The matter of judgment is one of the reasons that the Christian message is so important. The Christian proclamation is that Jesus reveals to us the nature of God...that Jesus IS God in the flesh, and we can know what to expect from God by looking at how Jesus behaves. And what do we see in Jesus? When someone strikes him, he does not strike back. When a woman is brought to him caught in the act of adultery...a crime that carried the death penalty in Jesus' day...he does not condemn her. He acknowledges her sin and tells her to go and sin no more. His disciples desert him, and yet he returns after the resurrection to bring them back into the fold. He knows Judas will betray him, and yet he shares his last meal with him. The one who dies and rises and ascends to God so that we might do the same is the very one who returns to judge the quick and the dead.

Would you really be afraid to face him? Paul knew better as he wrote in his letter to the church in Rome. "There is therefore now no condemnation for those that are in Christ Jesus." So why are we so full of condemnation for others? It is not our place to name God's judgments. It is not our job or our right to name this group as "saved" and that group as going to hell. We can't know that...that judgment belongs to God alone.

Look at the favored ones of God in the Bible. Moses committed murder, yet God used him to bring the Hebrews to the Promised Land and prophesied that the Messiah would be a prophet like Moses. King David slaughtered Philistines by the thousands. He committed adultery and then murdered one of his most faithful soldiers to cover it up, and yet it was King David's bloodline that eventually gave birth to Jesus. Paul persecuted Christians and dragged them out of their homes to be executed, and then God called him, almost single-handedly, to spread the Gospel across the known world.

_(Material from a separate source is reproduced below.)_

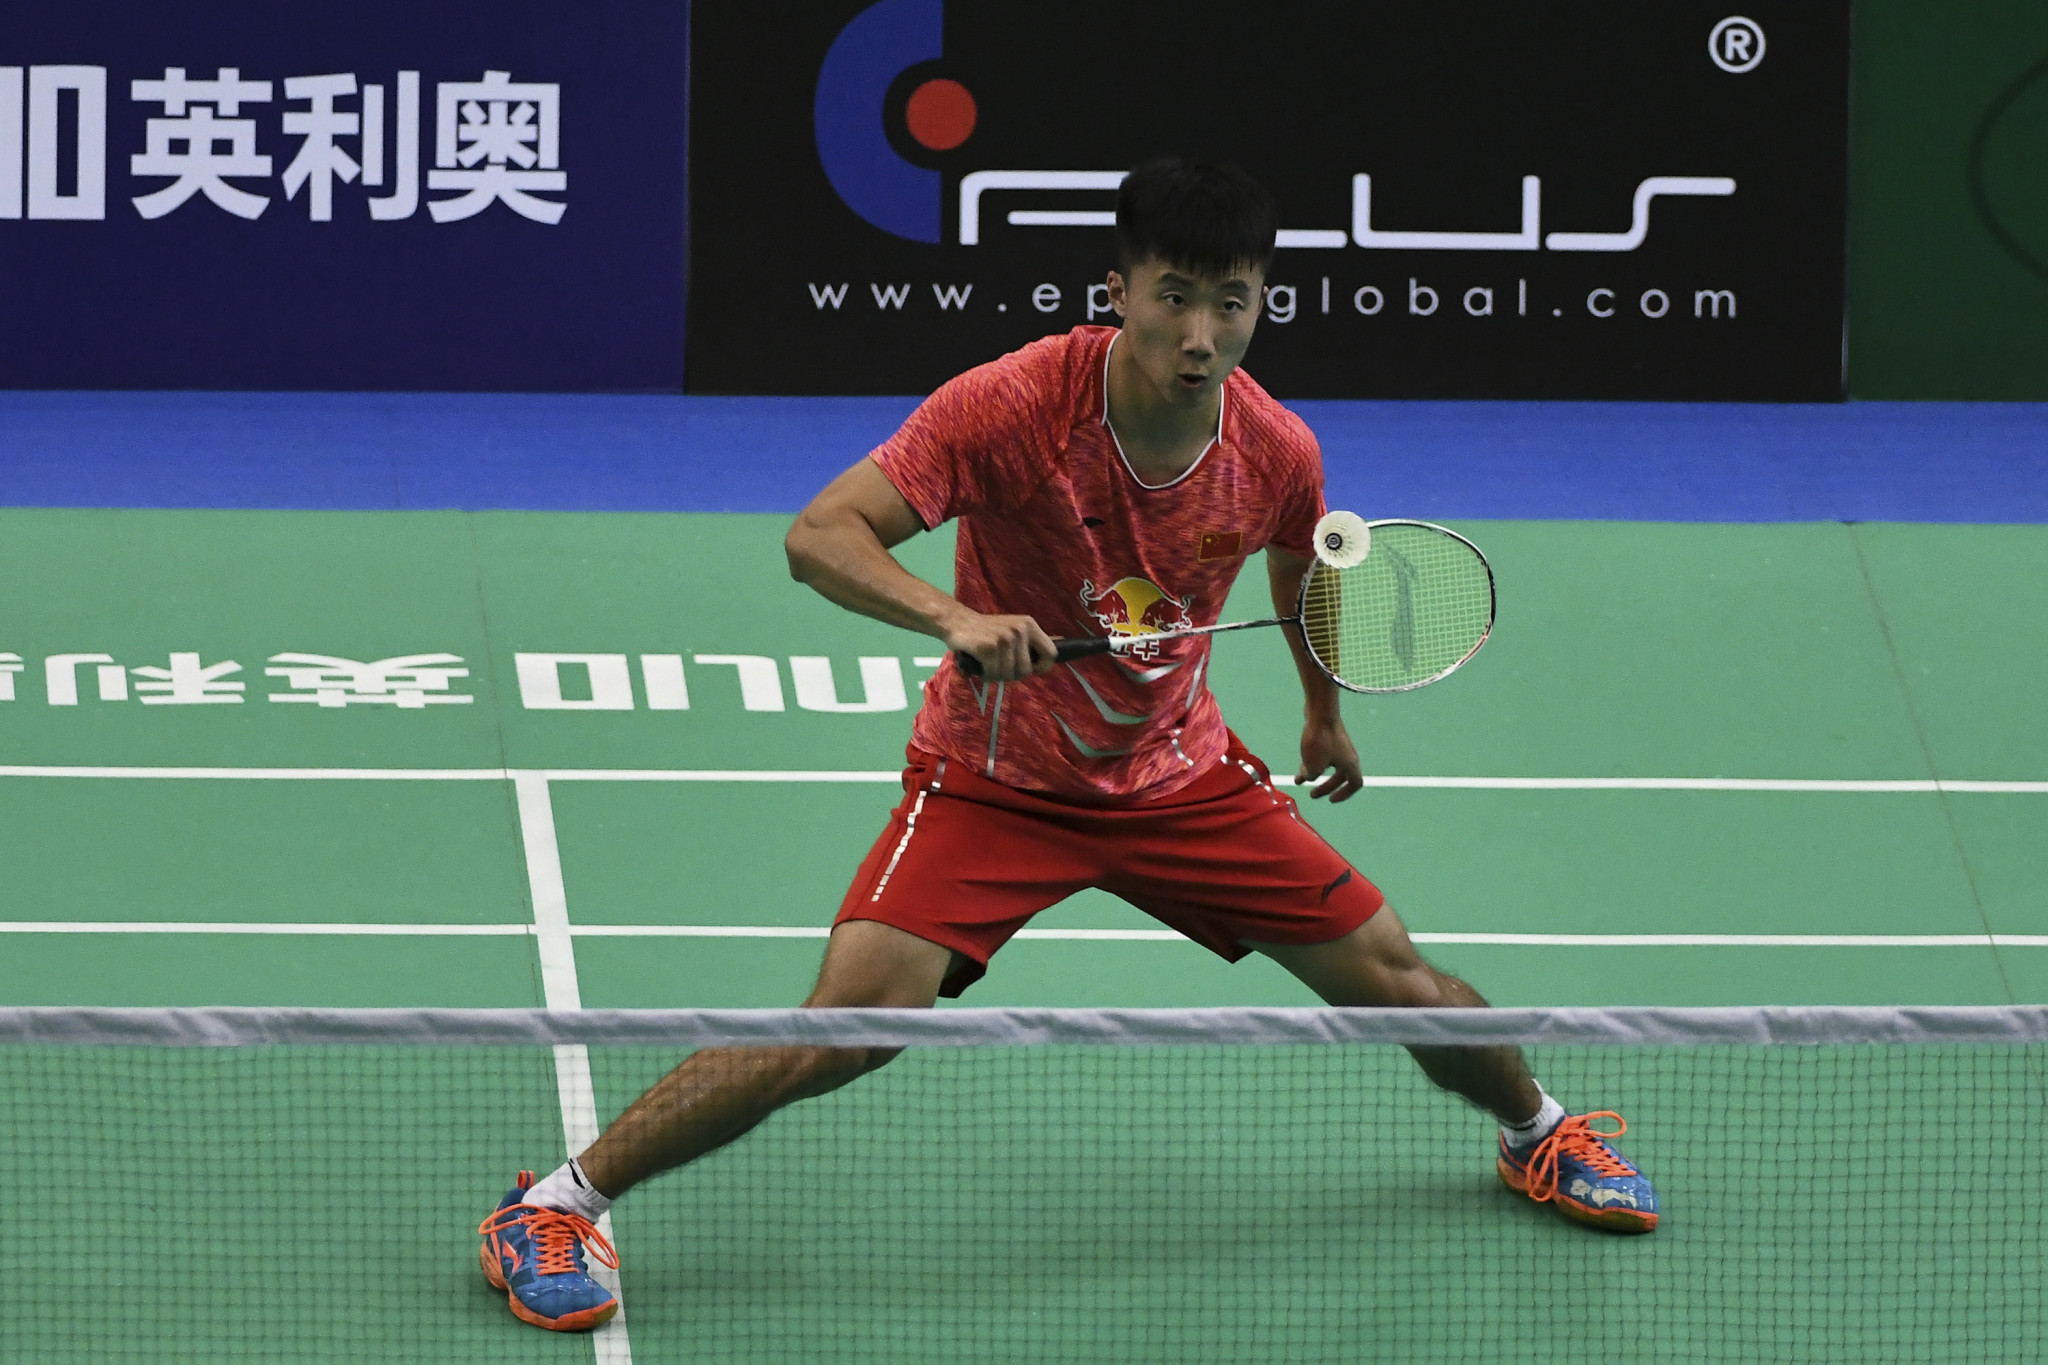 Chinese players enjoy quarter-final success at Syed Modi International Badminton Championships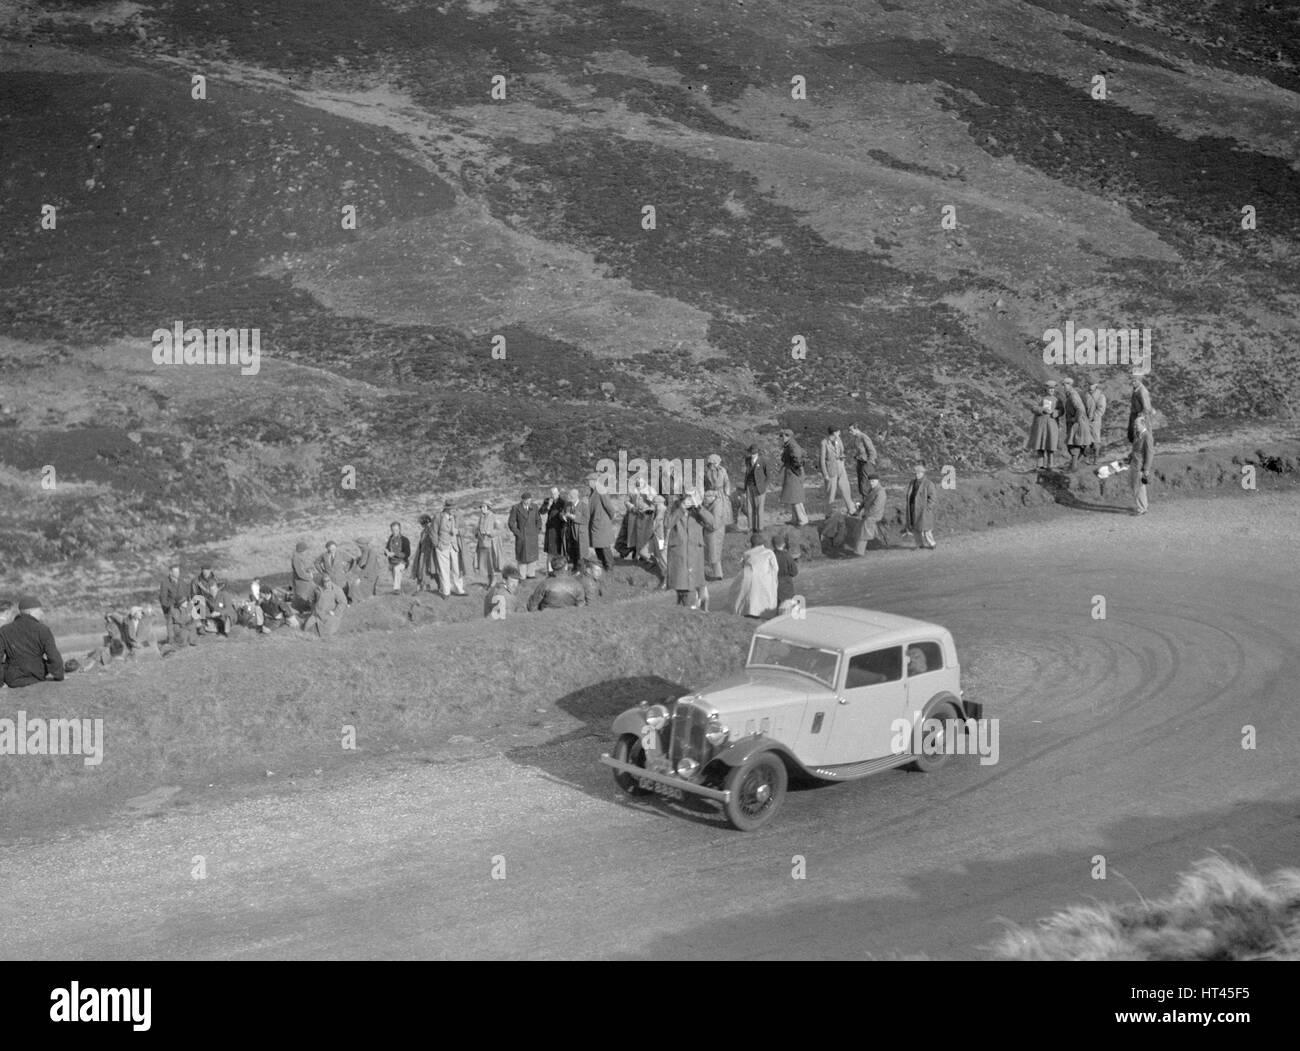 Austin 12/6 of JW Flewitt at the RSAC Scottish Rally, Devil's Elbow, Glenshee, 1934. Artist: Bill Brunell. - Stock Image

It is the God who did these things...the God whose nature was fully revealed in Jesus...who will judge our deeds. It will be Jesus standing by our side, to help us face the things we did badly in life. It will be Jesus who gently turns the pages of our history to the things we thought no one knew; it will be Jesus who shows us how those things affected others, and it will be Jesus who helps us stand when we think we cannot face what we've done. It is only fair and just that I face those things, and I will be ever so glad to have Jesus be there when I do.

And when the difficult part is done, I will also get to see the good things. Jesus will cheer for the times that I struggled and won; and delight to show me the times that I didn't even realize were good times, but someone else benefited. Jesus will show me the ways in which my spirit grew and how one little good deed affected people I had never even met years after it was over. And I will be glad then, too, to have Jesus be the one to take me through it.

From thence...from the right hand of God, Jesus will come to judge. He comes to judge the quick...the living...to prod us and try to turn us around when we are headed in the wrong direction, and to cheer us on when we do well. He comes to judge each one of us at our death, so that our learning can continue on and our souls continue to grow in eternity. There is absolutely no reason to be afraid. Jesus is God, and God is love. Amen.